Я снова посмотрела на спину Димитрия. На выступающий рельеф мышц. На белые волосы у шеи. На бесконечность. Подняла руки и двумя ладонями провела от лопаток к бокам. Раскрывая пальцы, словно рисовала руками невидимые крылья.
Димитрий замер. Кажется, он даже перестал дышать. А потом резко развернулся и уставился мне в лицо. Его взгляд стал таким диким, что я испугалась.
– В чем дело? Почему ты так смотришь? – обескураженно спросила я.
Он моргнул. Он все еще выглядел слишком странно.
– Поцелуй меня, – сказал Димитрий.
– Вот еще…
– Не в губы. Куда сама решишь. Прошу.
Просит? Да уж, это непохоже на хозяина Арвиндаля. Происходящее вообще было ни на что не похоже.
Осторожно приблизившись, я встала на цыпочки, потому что Димитрий был выше на полголовы, и аккуратно прикоснулась губами к уголку его левого глаза. Всего на миг. И тут же сделала шаг назад.
Правитель закрыл глаза. Постоял так, а потом вдруг рассмеялся. Тоже как-то странно.
– Слушай, ты ведешь себя так, словно нанюхался какого-то дурмана. И начинаешь меня пугать, – не выдержала я. Может, подарок Грезы оказался чрезмерным, и Димитрий от радости слегка ополоумел?
– Целуешь в глаза… Знаешь, это считается плохой приметой. К расставанию.

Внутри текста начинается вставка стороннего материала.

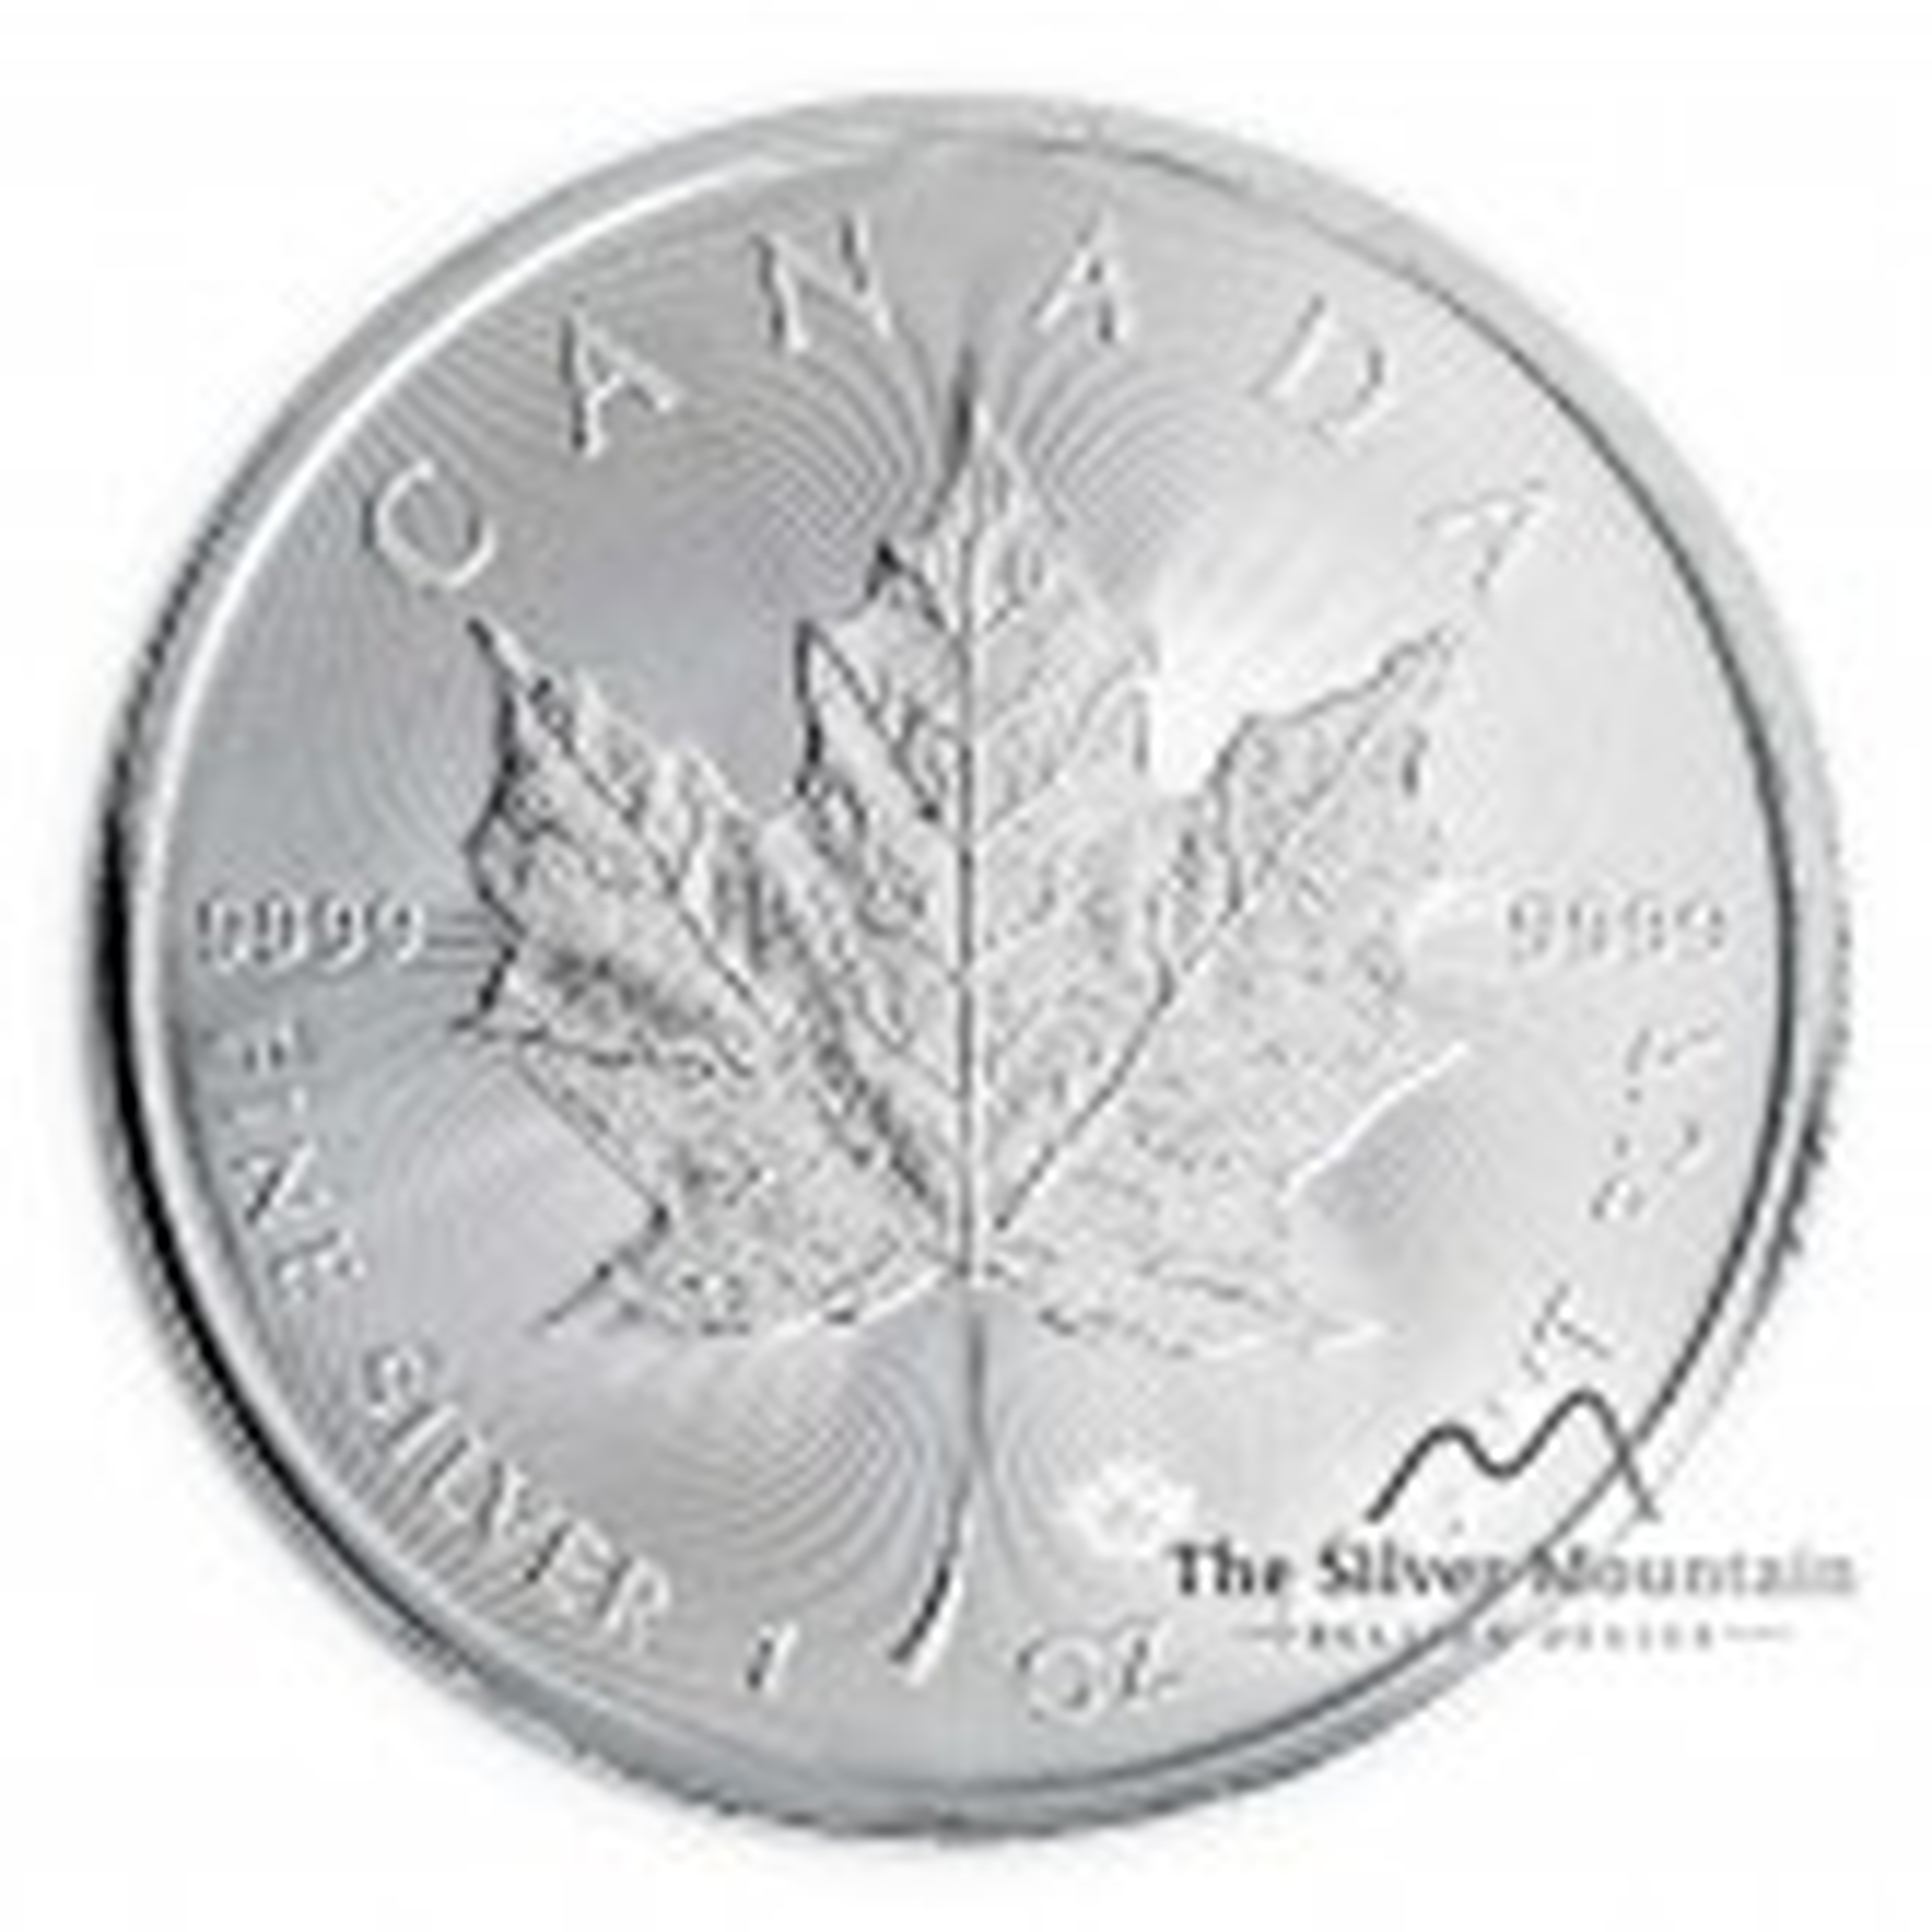 Nieuwe zilveren Maple Leaf munt 2021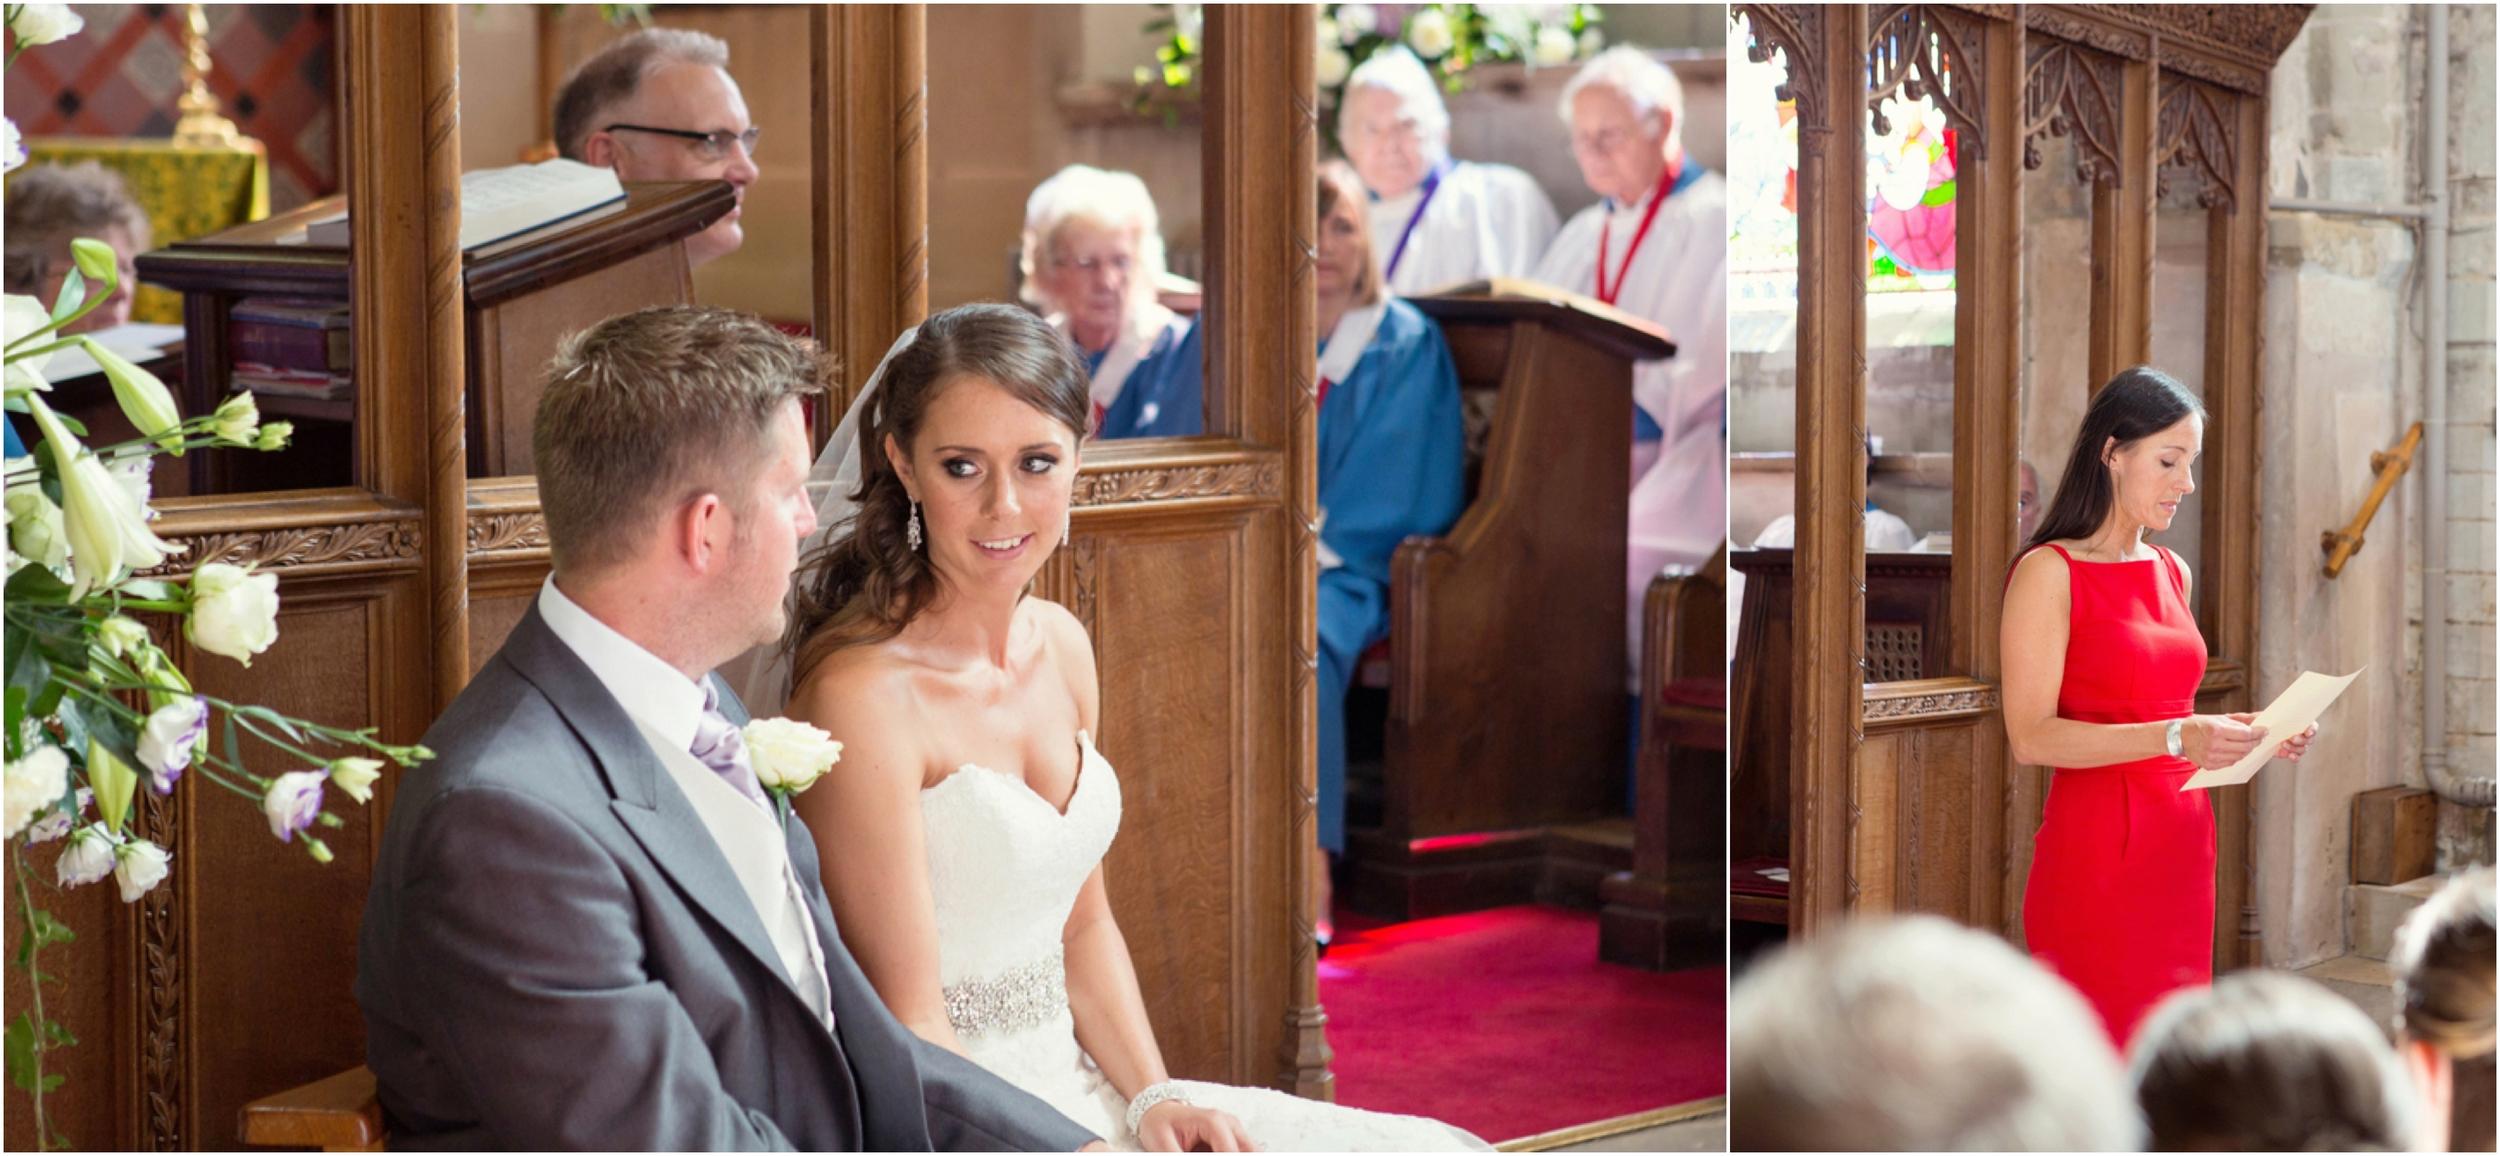 Sophie Evans Photography, Warwickshire Wedding Photography, Welcombe Hotel  (33).jpg

Он вдруг шагнул ко мне, схватил за руку и прижал ее к своим губам. Его взгляд – безумный, совершенно ненормальный, ощупывал мое лицо, тело, волосы. Снова и снова.
Его дыхание щекотало мне пальцы.
Ощущения были пугающими. И все это точно вышло за рамки обычного прикосновения.
– Димитрий, мне кажется, уже хватит. – Я осторожно попыталась отобрать свою ладонь.
– Еще, – хрипло прошептал он, не сводя с меня дикого взгляда. – Еще.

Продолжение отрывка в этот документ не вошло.